◆ What you will do ◆
Each line below is to be copied out exactly, and none may be omitted.

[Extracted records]
□ □ □
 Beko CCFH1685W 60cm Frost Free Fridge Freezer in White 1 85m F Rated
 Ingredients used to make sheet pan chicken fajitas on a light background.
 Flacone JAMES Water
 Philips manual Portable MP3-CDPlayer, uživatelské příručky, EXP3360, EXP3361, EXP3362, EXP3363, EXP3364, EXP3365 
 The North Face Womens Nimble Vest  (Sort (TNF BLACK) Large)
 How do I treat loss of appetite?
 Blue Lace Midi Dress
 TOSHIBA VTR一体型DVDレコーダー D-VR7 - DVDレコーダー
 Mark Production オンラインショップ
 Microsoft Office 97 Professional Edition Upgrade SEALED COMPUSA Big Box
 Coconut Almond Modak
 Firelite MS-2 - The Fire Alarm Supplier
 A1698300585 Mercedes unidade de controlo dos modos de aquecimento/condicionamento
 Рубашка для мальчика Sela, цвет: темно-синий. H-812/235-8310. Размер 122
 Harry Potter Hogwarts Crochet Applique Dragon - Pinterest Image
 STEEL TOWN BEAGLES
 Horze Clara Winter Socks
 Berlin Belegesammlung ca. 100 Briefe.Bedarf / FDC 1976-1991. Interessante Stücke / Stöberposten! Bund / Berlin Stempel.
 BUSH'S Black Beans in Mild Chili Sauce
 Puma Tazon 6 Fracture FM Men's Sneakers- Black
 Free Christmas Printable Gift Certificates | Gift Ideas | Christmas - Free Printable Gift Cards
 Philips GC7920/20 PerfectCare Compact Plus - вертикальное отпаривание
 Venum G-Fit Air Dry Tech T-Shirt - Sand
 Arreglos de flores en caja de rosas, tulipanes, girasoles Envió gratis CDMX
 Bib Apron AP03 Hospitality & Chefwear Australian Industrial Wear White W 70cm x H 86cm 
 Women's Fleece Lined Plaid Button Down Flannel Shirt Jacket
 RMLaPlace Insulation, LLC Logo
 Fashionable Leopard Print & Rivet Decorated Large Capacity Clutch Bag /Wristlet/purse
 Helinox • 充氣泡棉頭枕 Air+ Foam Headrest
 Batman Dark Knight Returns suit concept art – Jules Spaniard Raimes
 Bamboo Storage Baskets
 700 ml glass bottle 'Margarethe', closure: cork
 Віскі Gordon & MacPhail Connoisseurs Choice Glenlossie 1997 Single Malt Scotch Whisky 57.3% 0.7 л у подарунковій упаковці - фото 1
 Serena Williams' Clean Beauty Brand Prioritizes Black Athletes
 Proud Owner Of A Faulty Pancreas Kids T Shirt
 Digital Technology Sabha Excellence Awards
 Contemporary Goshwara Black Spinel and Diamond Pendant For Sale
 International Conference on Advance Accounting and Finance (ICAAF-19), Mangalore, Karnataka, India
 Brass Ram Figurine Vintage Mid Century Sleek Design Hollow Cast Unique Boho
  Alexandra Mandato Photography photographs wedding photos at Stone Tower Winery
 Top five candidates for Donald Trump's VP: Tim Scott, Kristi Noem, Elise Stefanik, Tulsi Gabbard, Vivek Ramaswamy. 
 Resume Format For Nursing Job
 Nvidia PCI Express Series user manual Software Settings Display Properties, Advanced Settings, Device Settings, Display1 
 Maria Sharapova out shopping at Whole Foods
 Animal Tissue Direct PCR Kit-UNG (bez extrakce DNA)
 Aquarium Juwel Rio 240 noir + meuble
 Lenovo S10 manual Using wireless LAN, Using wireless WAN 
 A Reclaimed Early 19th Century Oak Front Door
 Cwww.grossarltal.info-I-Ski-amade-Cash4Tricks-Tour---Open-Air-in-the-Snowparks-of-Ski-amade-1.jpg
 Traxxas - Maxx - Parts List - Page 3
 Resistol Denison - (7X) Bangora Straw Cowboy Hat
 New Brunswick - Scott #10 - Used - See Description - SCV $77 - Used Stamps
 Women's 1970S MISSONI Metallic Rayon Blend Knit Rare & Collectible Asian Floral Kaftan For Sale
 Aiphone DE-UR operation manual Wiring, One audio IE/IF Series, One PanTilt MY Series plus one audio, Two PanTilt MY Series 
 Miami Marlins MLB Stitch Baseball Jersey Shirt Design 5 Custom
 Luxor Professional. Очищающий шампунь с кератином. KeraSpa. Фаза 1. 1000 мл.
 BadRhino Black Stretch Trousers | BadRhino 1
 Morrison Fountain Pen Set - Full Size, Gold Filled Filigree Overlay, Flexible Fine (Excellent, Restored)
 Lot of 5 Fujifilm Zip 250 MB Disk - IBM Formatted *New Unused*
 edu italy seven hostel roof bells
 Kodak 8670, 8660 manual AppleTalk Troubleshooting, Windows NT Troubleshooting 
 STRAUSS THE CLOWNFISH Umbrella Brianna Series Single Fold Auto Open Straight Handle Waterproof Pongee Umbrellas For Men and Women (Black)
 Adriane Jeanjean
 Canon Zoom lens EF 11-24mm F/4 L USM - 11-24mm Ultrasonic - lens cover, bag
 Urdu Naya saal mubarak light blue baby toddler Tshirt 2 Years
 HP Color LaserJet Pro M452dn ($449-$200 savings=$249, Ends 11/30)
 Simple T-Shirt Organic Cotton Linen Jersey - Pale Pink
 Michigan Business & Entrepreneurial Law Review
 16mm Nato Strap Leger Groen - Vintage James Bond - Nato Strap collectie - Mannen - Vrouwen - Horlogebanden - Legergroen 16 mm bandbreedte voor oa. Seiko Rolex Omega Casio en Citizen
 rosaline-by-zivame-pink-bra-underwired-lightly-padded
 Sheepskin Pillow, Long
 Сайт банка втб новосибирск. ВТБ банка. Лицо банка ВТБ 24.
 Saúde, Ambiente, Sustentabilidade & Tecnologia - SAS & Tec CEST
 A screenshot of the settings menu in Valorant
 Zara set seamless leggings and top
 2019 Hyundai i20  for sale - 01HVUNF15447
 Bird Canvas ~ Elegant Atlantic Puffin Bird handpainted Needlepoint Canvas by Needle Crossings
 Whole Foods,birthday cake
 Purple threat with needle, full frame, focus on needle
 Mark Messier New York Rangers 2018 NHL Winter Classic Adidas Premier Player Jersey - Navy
□ □ □
◆ Response to this task ◆
 Beko CCFH1685W 60cm Frost Free Fridge Freezer in White 1 85m F Rated
 Ingredients used to make sheet pan chicken fajitas on a light background.
 Flacone JAMES Water
 Philips manual Portable MP3-CDPlayer, uživatelské příručky, EXP3360, EXP3361, EXP3362, EXP3363, EXP3364, EXP3365 
 The North Face Womens Nimble Vest  (Sort (TNF BLACK) Large)
 How do I treat loss of appetite?
 Blue Lace Midi Dress
 TOSHIBA VTR一体型DVDレコーダー D-VR7 - DVDレコーダー
 Mark Production オンラインショップ
 Microsoft Office 97 Professional Edition Upgrade SEALED COMPUSA Big Box
 Coconut Almond Modak
 Firelite MS-2 - The Fire Alarm Supplier
 A1698300585 Mercedes unidade de controlo dos modos de aquecimento/condicionamento
 Рубашка для мальчика Sela, цвет: темно-синий. H-812/235-8310. Размер 122
 Harry Potter Hogwarts Crochet Applique Dragon - Pinterest Image
 STEEL TOWN BEAGLES
 Horze Clara Winter Socks
 Berlin Belegesammlung ca. 100 Briefe.Bedarf / FDC 1976-1991. Interessante Stücke / Stöberposten! Bund / Berlin Stempel.
 BUSH'S Black Beans in Mild Chili Sauce
 Puma Tazon 6 Fracture FM Men's Sneakers- Black
 Free Christmas Printable Gift Certificates | Gift Ideas | Christmas - Free Printable Gift Cards
 Philips GC7920/20 PerfectCare Compact Plus - вертикальное отпаривание
 Venum G-Fit Air Dry Tech T-Shirt - Sand
 Arreglos de flores en caja de rosas, tulipanes, girasoles Envió gratis CDMX
 Bib Apron AP03 Hospitality & Chefwear Australian Industrial Wear White W 70cm x H 86cm 
 Women's Fleece Lined Plaid Button Down Flannel Shirt Jacket
 RMLaPlace Insulation, LLC Logo
 Fashionable Leopard Print & Rivet Decorated Large Capacity Clutch Bag /Wristlet/purse
 Helinox • 充氣泡棉頭枕 Air+ Foam Headrest
 Batman Dark Knight Returns suit concept art – Jules Spaniard Raimes
 Bamboo Storage Baskets
 700 ml glass bottle 'Margarethe', closure: cork
 Віскі Gordon & MacPhail Connoisseurs Choice Glenlossie 1997 Single Malt Scotch Whisky 57.3% 0.7 л у подарунковій упаковці - фото 1
 Serena Williams' Clean Beauty Brand Prioritizes Black Athletes
 Proud Owner Of A Faulty Pancreas Kids T Shirt
 Digital Technology Sabha Excellence Awards
 Contemporary Goshwara Black Spinel and Diamond Pendant For Sale
 International Conference on Advance Accounting and Finance (ICAAF-19), Mangalore, Karnataka, India
 Brass Ram Figurine Vintage Mid Century Sleek Design Hollow Cast Unique Boho
  Alexandra Mandato Photography photographs wedding photos at Stone Tower Winery
 Top five candidates for Donald Trump's VP: Tim Scott, Kristi Noem, Elise Stefanik, Tulsi Gabbard, Vivek Ramaswamy. 
 Resume Format For Nursing Job
 Nvidia PCI Express Series user manual Software Settings Display Properties, Advanced Settings, Device Settings, Display1 
 Maria Sharapova out shopping at Whole Foods
 Animal Tissue Direct PCR Kit-UNG (bez extrakce DNA)
 Aquarium Juwel Rio 240 noir + meuble
 Lenovo S10 manual Using wireless LAN, Using wireless WAN 
 A Reclaimed Early 19th Century Oak Front Door
 Cwww.grossarltal.info-I-Ski-amade-Cash4Tricks-Tour---Open-Air-in-the-Snowparks-of-Ski-amade-1.jpg
 Traxxas - Maxx - Parts List - Page 3
 Resistol Denison - (7X) Bangora Straw Cowboy Hat
 New Brunswick - Scott #10 - Used - See Description - SCV $77 - Used Stamps
 Women's 1970S MISSONI Metallic Rayon Blend Knit Rare & Collectible Asian Floral Kaftan For Sale
 Aiphone DE-UR operation manual Wiring, One audio IE/IF Series, One PanTilt MY Series plus one audio, Two PanTilt MY Series 
 Miami Marlins MLB Stitch Baseball Jersey Shirt Design 5 Custom
 Luxor Professional. Очищающий шампунь с кератином. KeraSpa. Фаза 1. 1000 мл.
 BadRhino Black Stretch Trousers | BadRhino 1
 Morrison Fountain Pen Set - Full Size, Gold Filled Filigree Overlay, Flexible Fine (Excellent, Restored)
 Lot of 5 Fujifilm Zip 250 MB Disk - IBM Formatted *New Unused*
 edu italy seven hostel roof bells
 Kodak 8670, 8660 manual AppleTalk Troubleshooting, Windows NT Troubleshooting 
 STRAUSS THE CLOWNFISH Umbrella Brianna Series Single Fold Auto Open Straight Handle Waterproof Pongee Umbrellas For Men and Women (Black)
 Adriane Jeanjean
 Canon Zoom lens EF 11-24mm F/4 L USM - 11-24mm Ultrasonic - lens cover, bag
 Urdu Naya saal mubarak light blue baby toddler Tshirt 2 Years
 HP Color LaserJet Pro M452dn ($449-$200 savings=$249, Ends 11/30)
 Simple T-Shirt Organic Cotton Linen Jersey - Pale Pink
 Michigan Business & Entrepreneurial Law Review
 16mm Nato Strap Leger Groen - Vintage James Bond - Nato Strap collectie - Mannen - Vrouwen - Horlogebanden - Legergroen 16 mm bandbreedte voor oa. Seiko Rolex Omega Casio en Citizen
 rosaline-by-zivame-pink-bra-underwired-lightly-padded
 Sheepskin Pillow, Long
 Сайт банка втб новосибирск. ВТБ банка. Лицо банка ВТБ 24.
 Saúde, Ambiente, Sustentabilidade & Tecnologia - SAS & Tec CEST
 A screenshot of the settings menu in Valorant
 Zara set seamless leggings and top
 2019 Hyundai i20  for sale - 01HVUNF15447
 Bird Canvas ~ Elegant Atlantic Puffin Bird handpainted Needlepoint Canvas by Needle Crossings
 Whole Foods,birthday cake
 Purple threat with needle, full frame, focus on needle
 Mark Messier New York Rangers 2018 NHL Winter Classic Adidas Premier Player Jersey - Navy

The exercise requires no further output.